Zimbábue: Mugabe se apóia nos militares para manter o poder

O presidente do Zimbábue quer adiar segundo turno da eleição

Pere Rusiñol

“Não aceitaremos nenhum presidente que não seja Robert Mugabe.” O chefe do exército do Zimbábue, Constantine Chiwenga, e o da polícia, Agustine Chihuri, disseram isso publicamente antes das eleições de 29 de março passado. Mas é neste momento em que o país se prepara para o segundo turno que entraram em cena os militares: Mugabe se apóia neles e nas milícias de seu partido para tentar se manter no poder, adiar em meses o segundo turno e amedrontar a oposição, sobretudo nas áreas rurais.

“Todo o mundo no regime tenta ganhar tempo, mas os falcões militares estão se impondo”, explica um general aposentado que participou da guerra de libertação e que mantém bons contatos com o exército. E acrescenta: “O problema deles é que os comandos intermediários e os soldados da base, que sofrem como todos a brutal crise econômica, já estão com a oposição”.

Uma vez recebido o golpe de que a oposição ganhou as eleições, o bunker do regime foi recuperando terreno diante dos setores liberais, que pretendem fazer uma transição compactuada, sem revanchismo. O plano do núcleo imobilista está sendo aplicado a dedo: reter o máximo possível os resultados das eleições presidenciais -hoje faz nove dias que se realizaram e nem sequer se conhece o número de participação-, esperar que os observadores e jornalistas estrangeiros deixem o país, atrasar em meses o segundo turno -deveria ser em 19 de abril- e mobilizar militares, policiais, milícias da juventude do partido do governo (ZANU-PF) e batalhões de veteranos de guerra até o último rincão do território.

“A oposição nunca havia entrado nas zonas rurais, mas desta vez deixaram que fizesse campanha e conseguiu resultados muito bons”, indica Ellen, ativista de direitos humanos que depois das eleições foi interrogada pela polícia. “Recebemos continuamente informações de que nas zonas rurais já estão fustigando todos os suspeitos de ter votado na oposição”, acrescenta.
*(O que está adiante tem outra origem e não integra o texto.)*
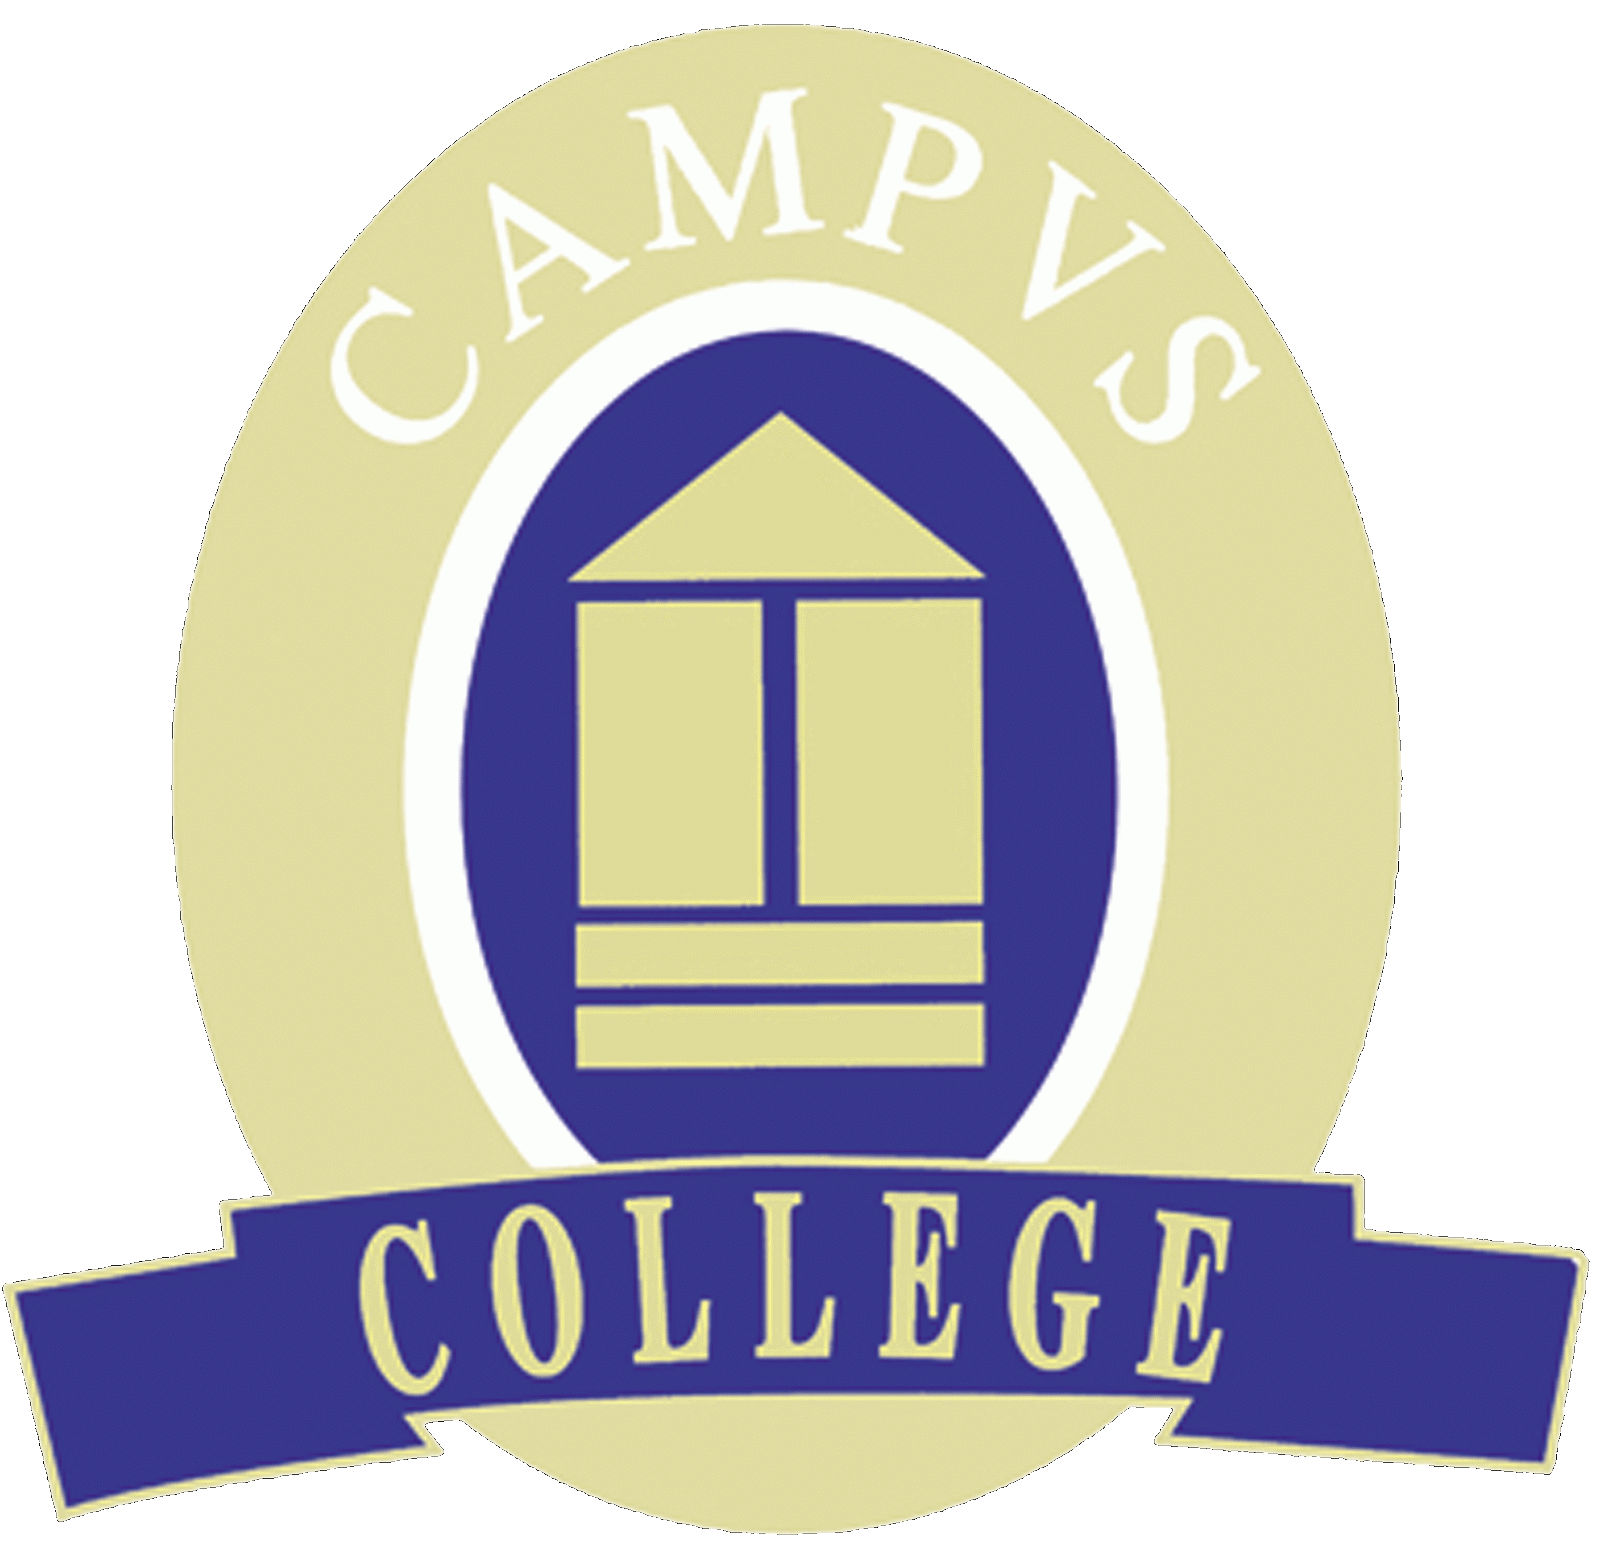 Campvs College

O jornal do regime deu no domingo outra prova de que os setores mais recalcitrantes tomaram as rédeas com o apoio do exército. Apesar do próprio ZANU-PF ter admitido na sexta-feira (04/04) que haverá segundo turno, o jornal afirma que o partido vai impugnar os resultados de algumas circunscrições -que só os membros do politburo conhecem, porque ainda não foram divulgados- porque foram detectadas “irregularidades” na apuração. Também vai impugnar 16 assentos do Parlamento, com o que seus dirigentes esperam recuperar o controle da Câmara, que foi arrebatado pelos cidadãos.

O cínico gesto de denunciar um organismo ferreamente controlado pelo governo pretende sobretudo adiar o segundo turno. A lei define três semanas de prazo para que seja realizado, mas Mugabe quer retardá-lo em pelo menos três meses. Impugnar resultados que ainda não foram divulgados é uma das tramas para conseguir isso.
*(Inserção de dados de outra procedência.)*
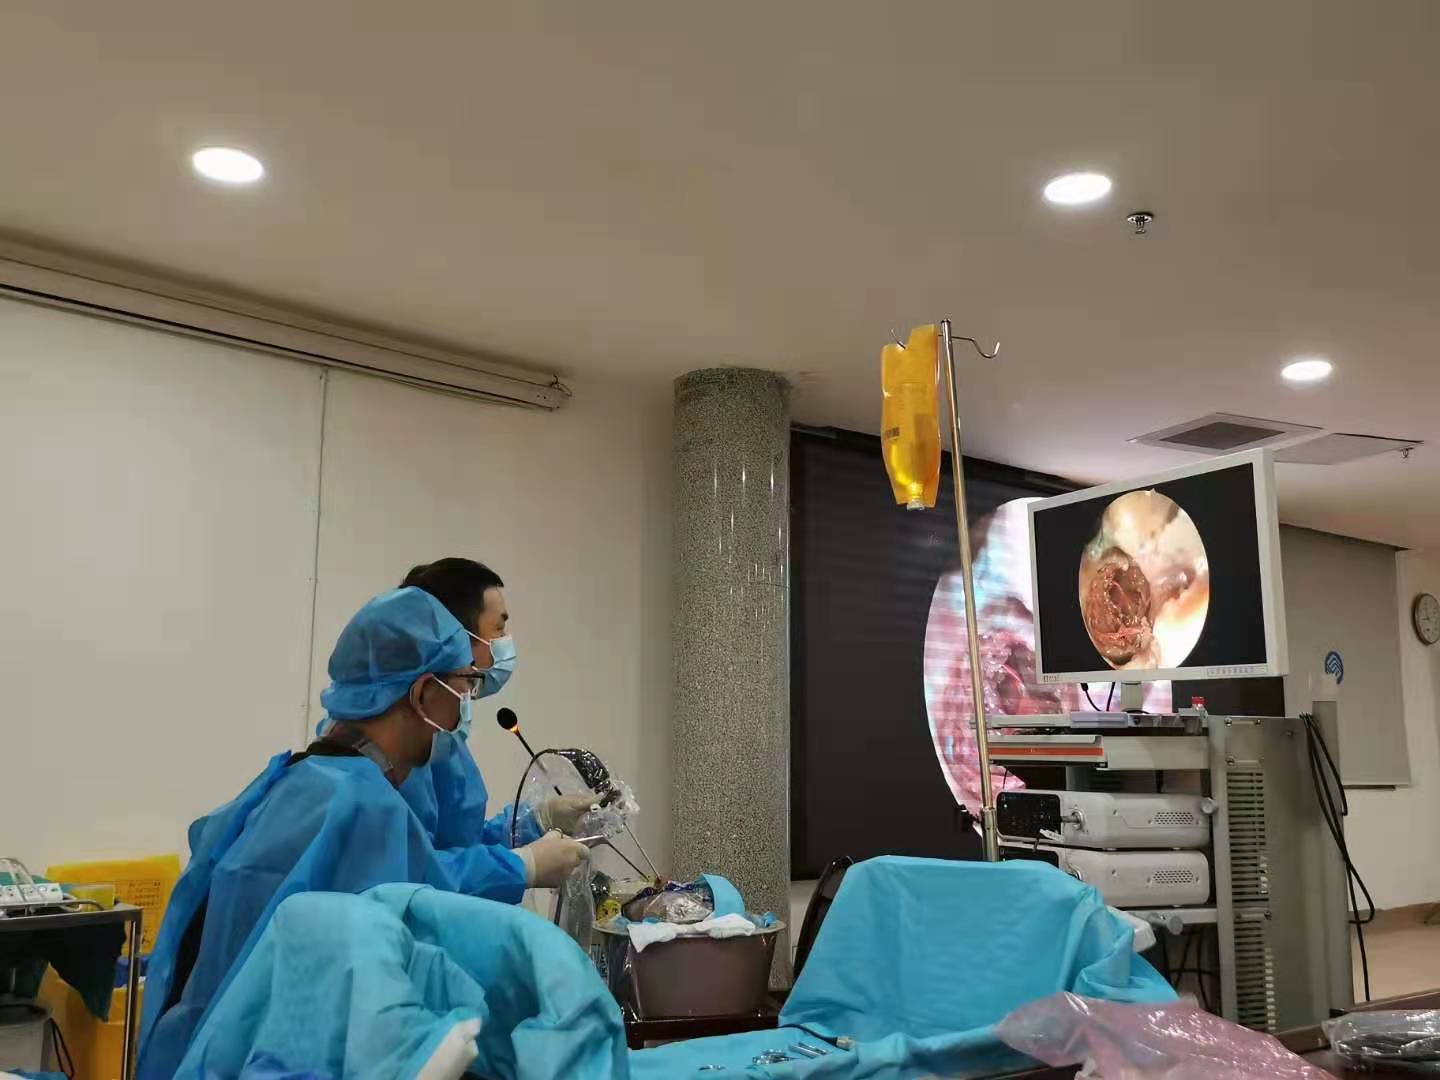 Dajing Endoskop kamera sistemi ile nazokraniyal taban anatomisi

O Movimento Democrático para a Mudança (MDC, em inglês, de oposição) também foi ontem aos tribunais para exigir que os resultados sejam divulgados imediatamente. “Como a oposição foi aos tribunais, temos a obrigação de esperar que se pronuncie antes de anunciar qualquer coisa”, explicou no domingo um porta-voz do organismo oficial (ZEC), que acrescentou: “Além disso, ainda estamos recebendo e analisando dados que chegam das circunscrições”.

Várias unidades de polícia antidistúrbios patrulhavam ontem o centro de Harare, em meio à indiferença da população, que aproveitava o domingo passeando nas ruas e desfrutando o sol, completamente alheia à agitação política.
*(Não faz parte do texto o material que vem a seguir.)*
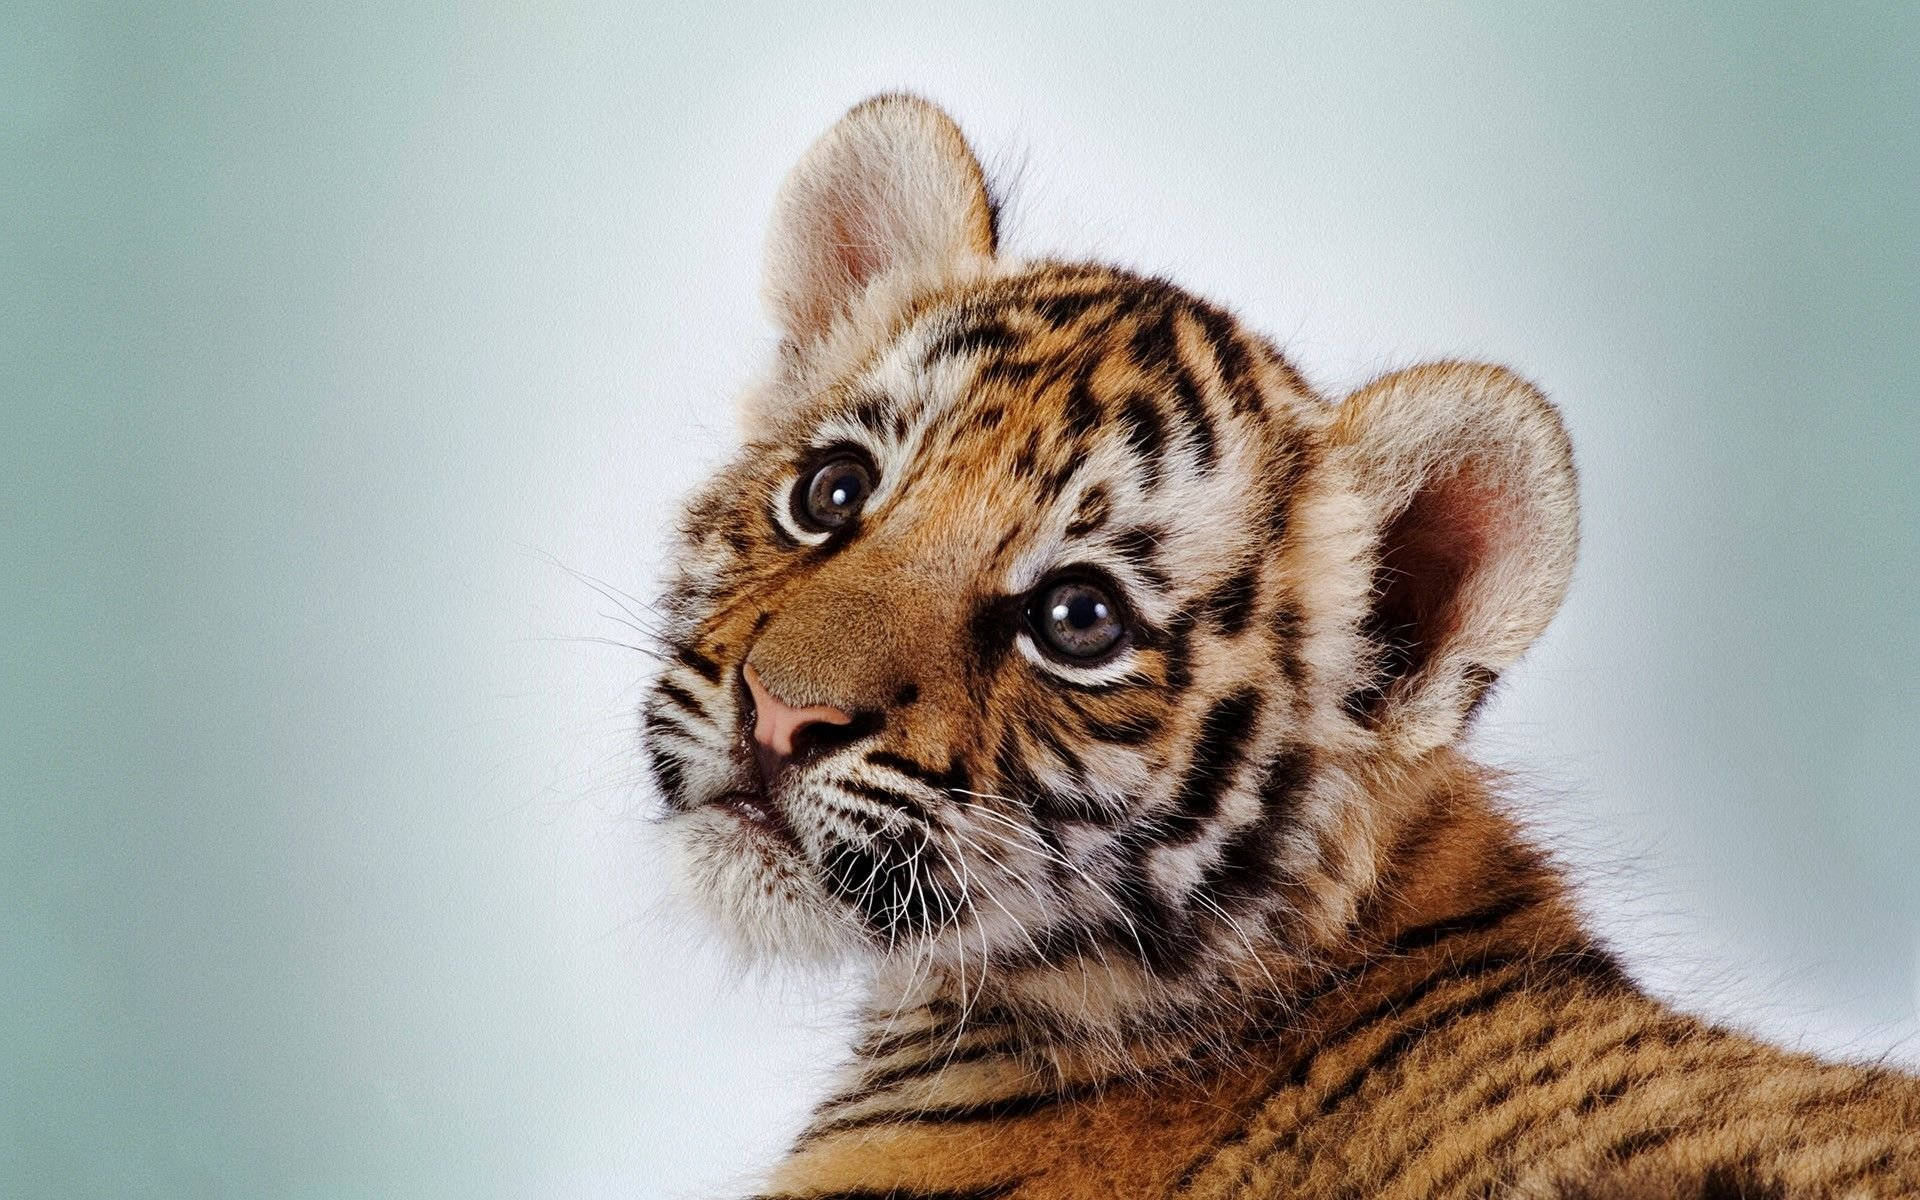 Baby Tiger Adorable Portrait Background

Harare é um feudo da oposição, mas as pessoas aguardam com calma e paciência infinita tanto a divulgação dos resultados como sua vez nas intermináveis filas que se formam todos os dias diante dos caixas automáticos para sacar notas que servem muito pouco, com uma inflação de 100.000%. Na Espanha, por muito menos se teria chegado às vias de fato. Mas muitos zimbabuanos acreditam ver na distância o fim do túnel e decidiram que é melhor ficar quietos. Pelo menos por enquanto.

“El País”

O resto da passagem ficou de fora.